* What you should do: Starting with the line that has "Dolce & Gabbana" in the records below and stopping after the line that has "hm-15 blackhawks helicopter", output every line exactly and nothing else; skip pictures.

* Data excerpts:
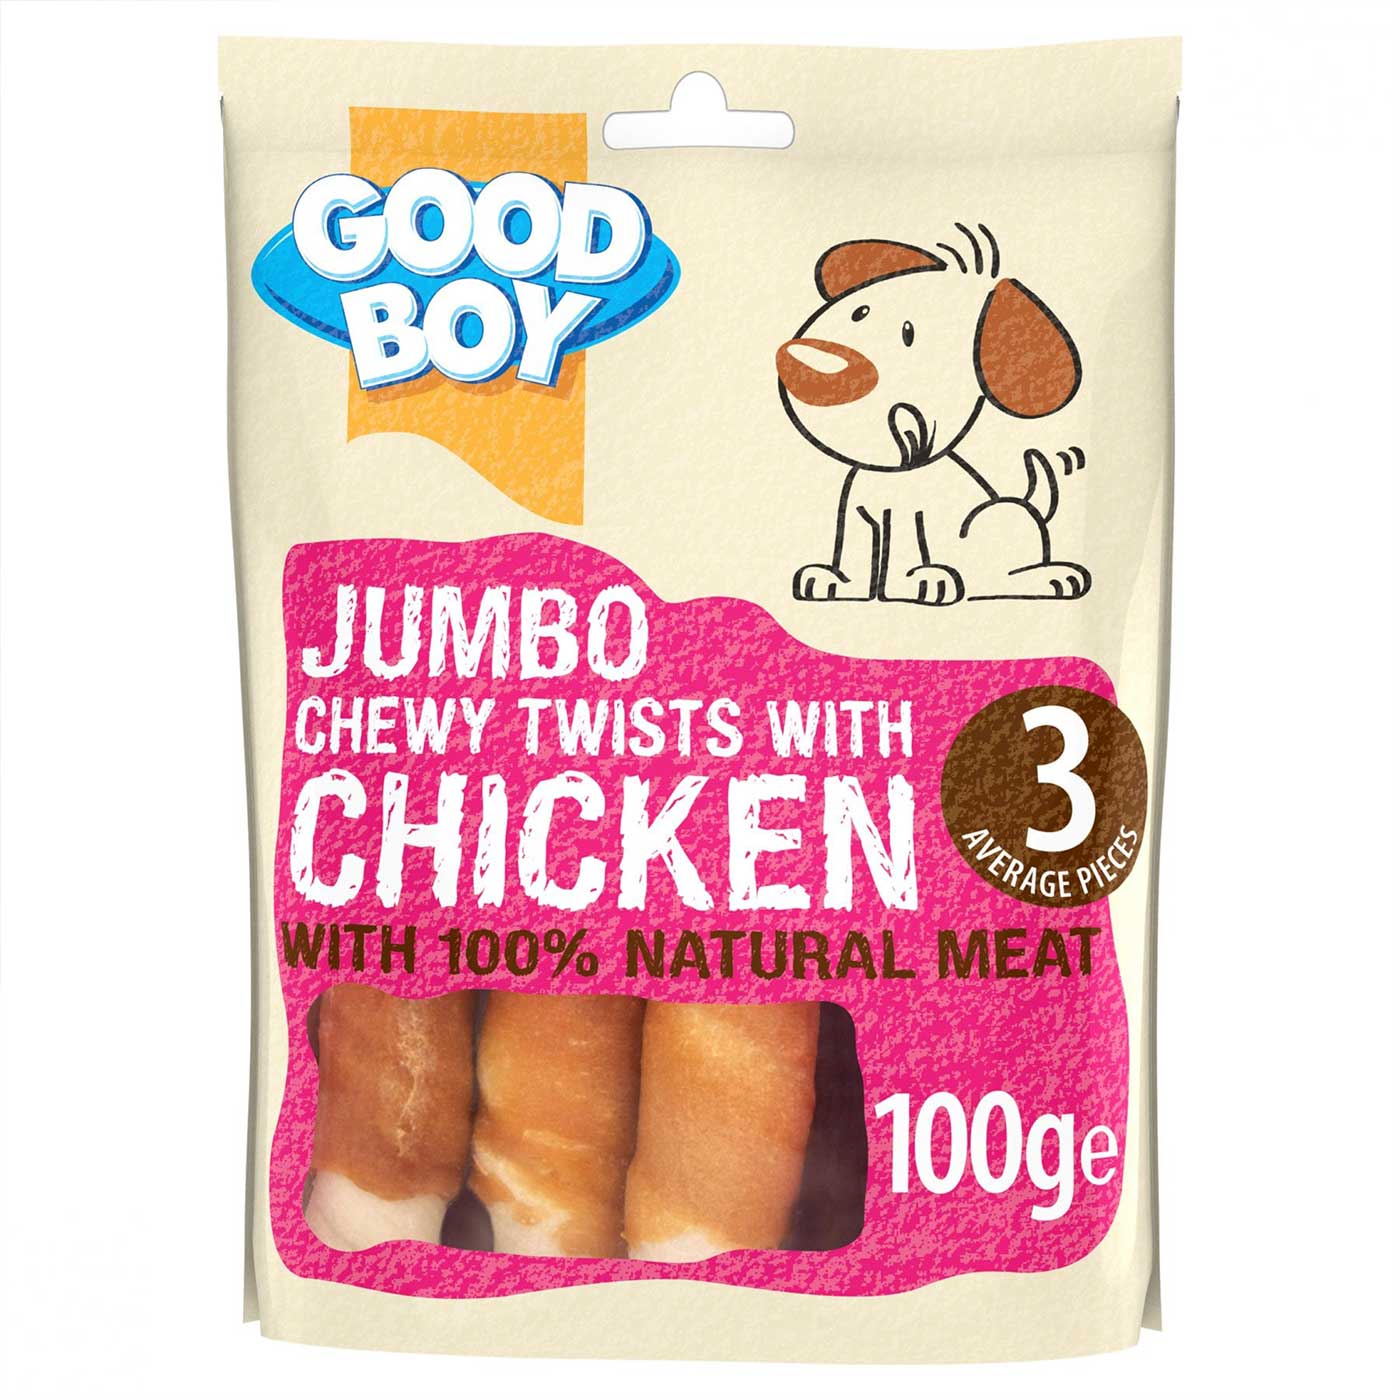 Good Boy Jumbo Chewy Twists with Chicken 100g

* * *

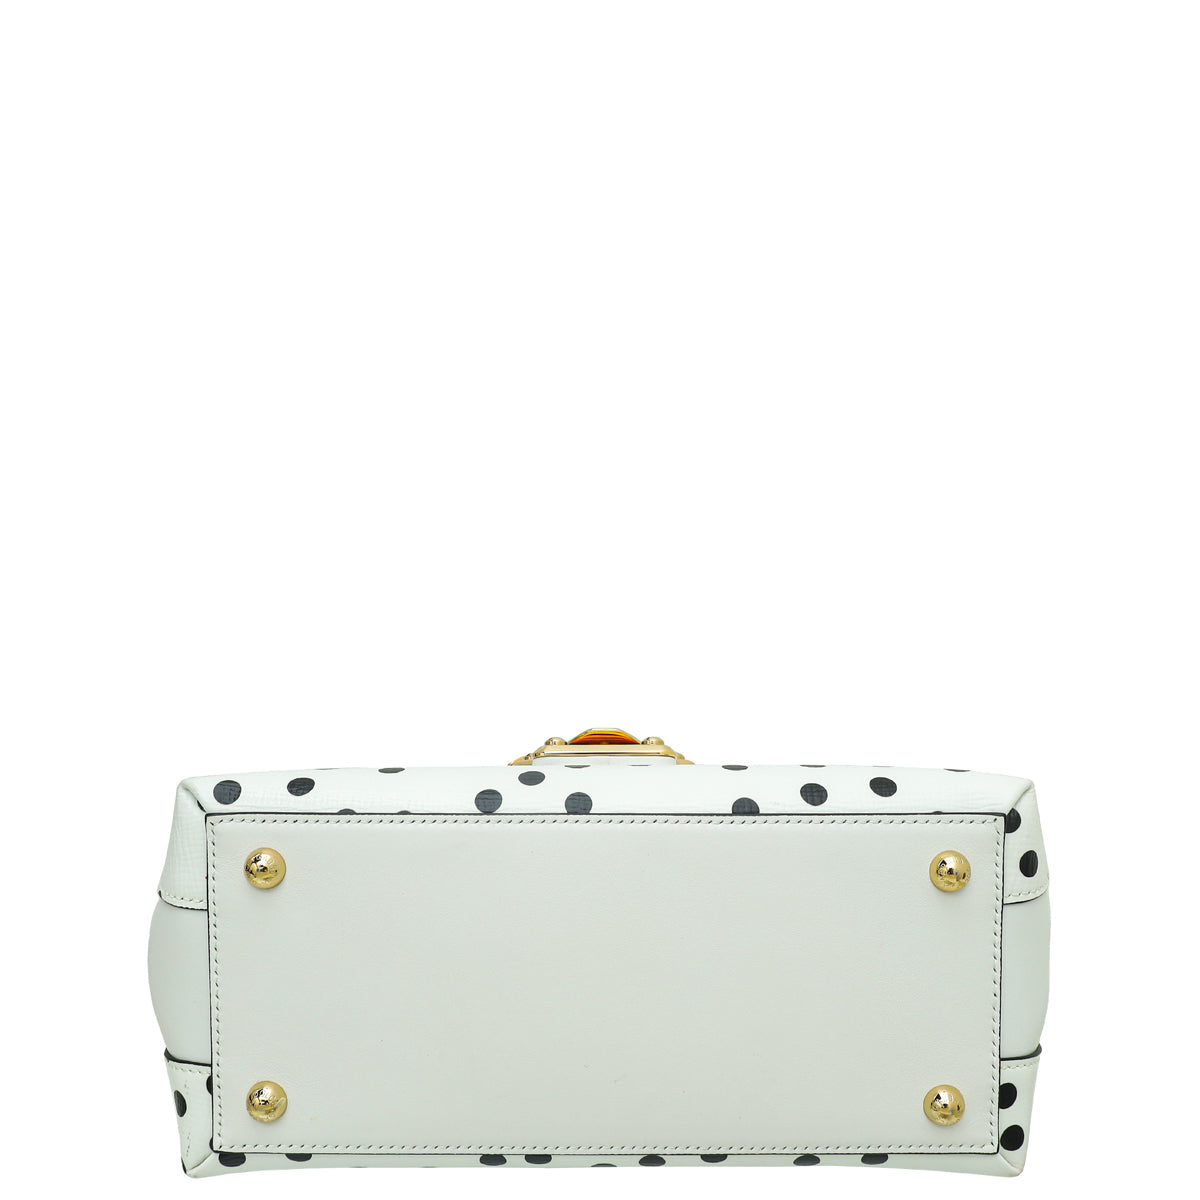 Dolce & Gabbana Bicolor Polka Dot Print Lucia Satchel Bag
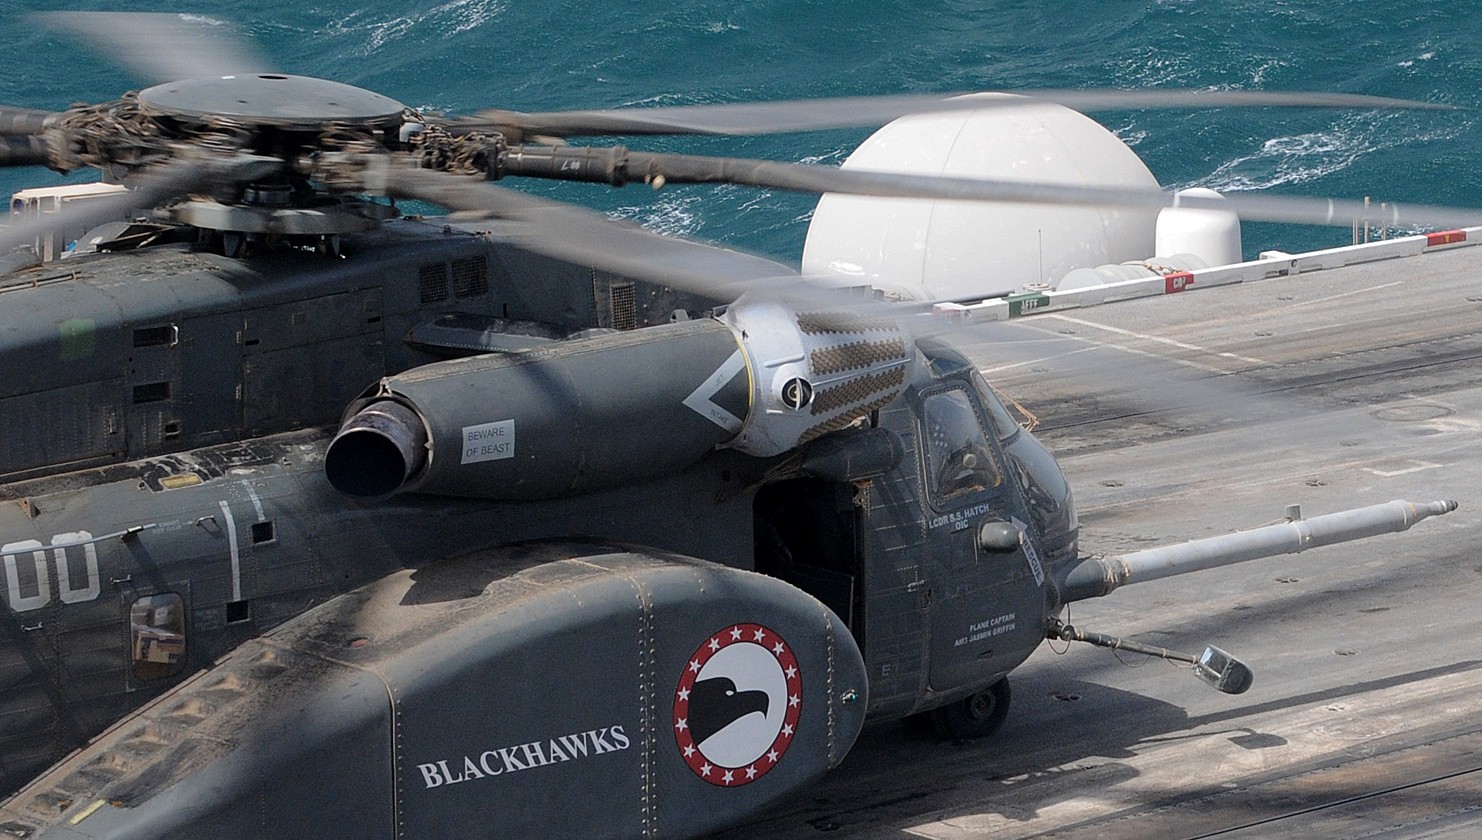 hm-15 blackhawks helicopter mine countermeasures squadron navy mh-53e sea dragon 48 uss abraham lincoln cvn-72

==

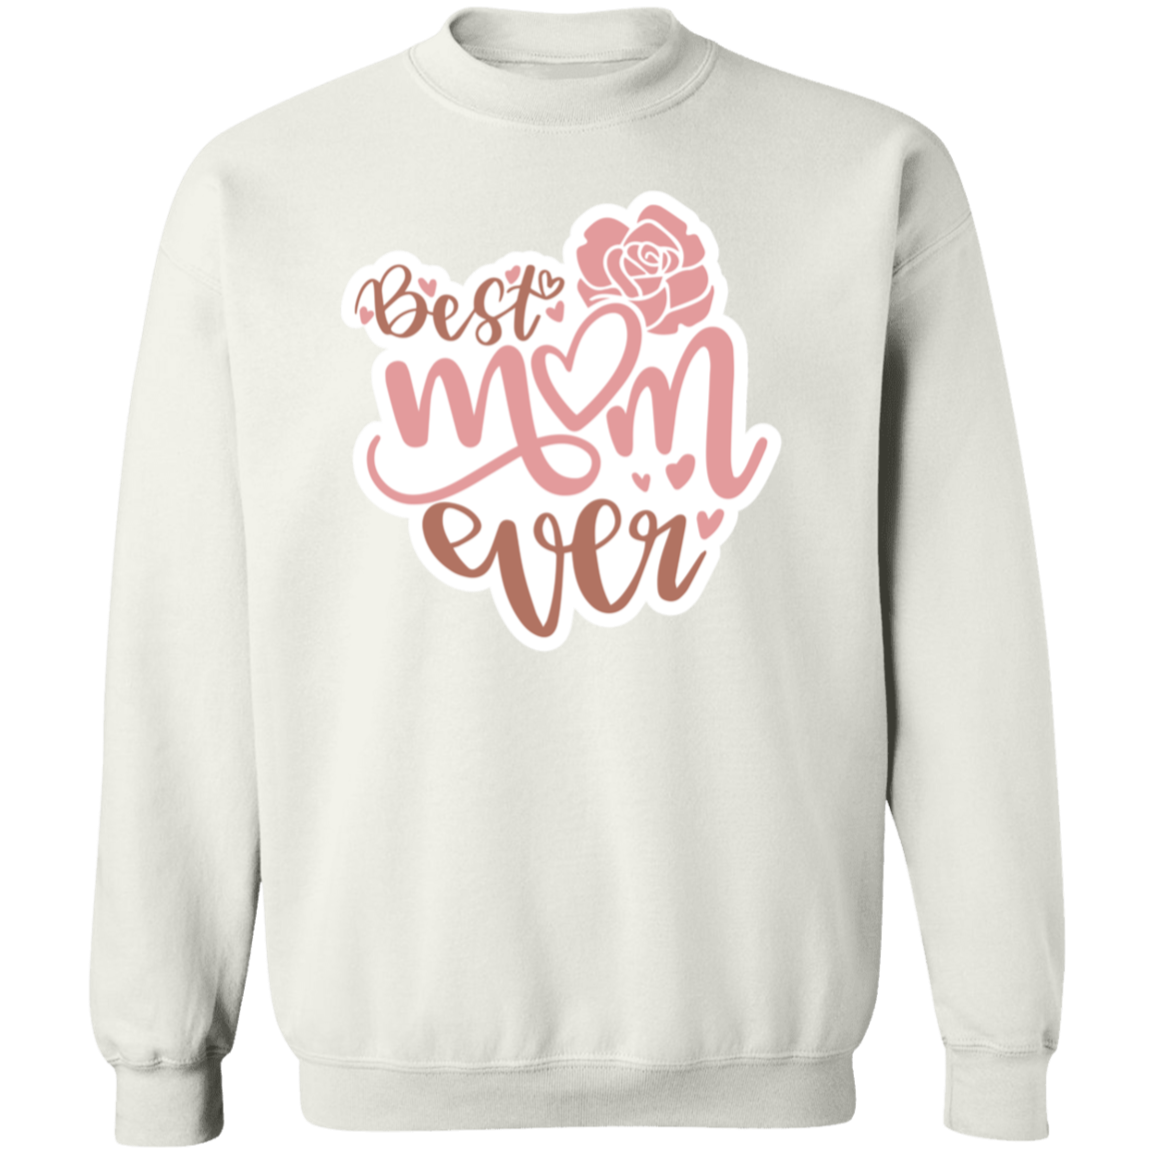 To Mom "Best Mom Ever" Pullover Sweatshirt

* Result:
 Dolce & Gabbana Bicolor Polka Dot Print Lucia Satchel Bag
 hm-15 blackhawks helicopter mine countermeasures squadron navy mh-53e sea dragon 48 uss abraham lincoln cvn-72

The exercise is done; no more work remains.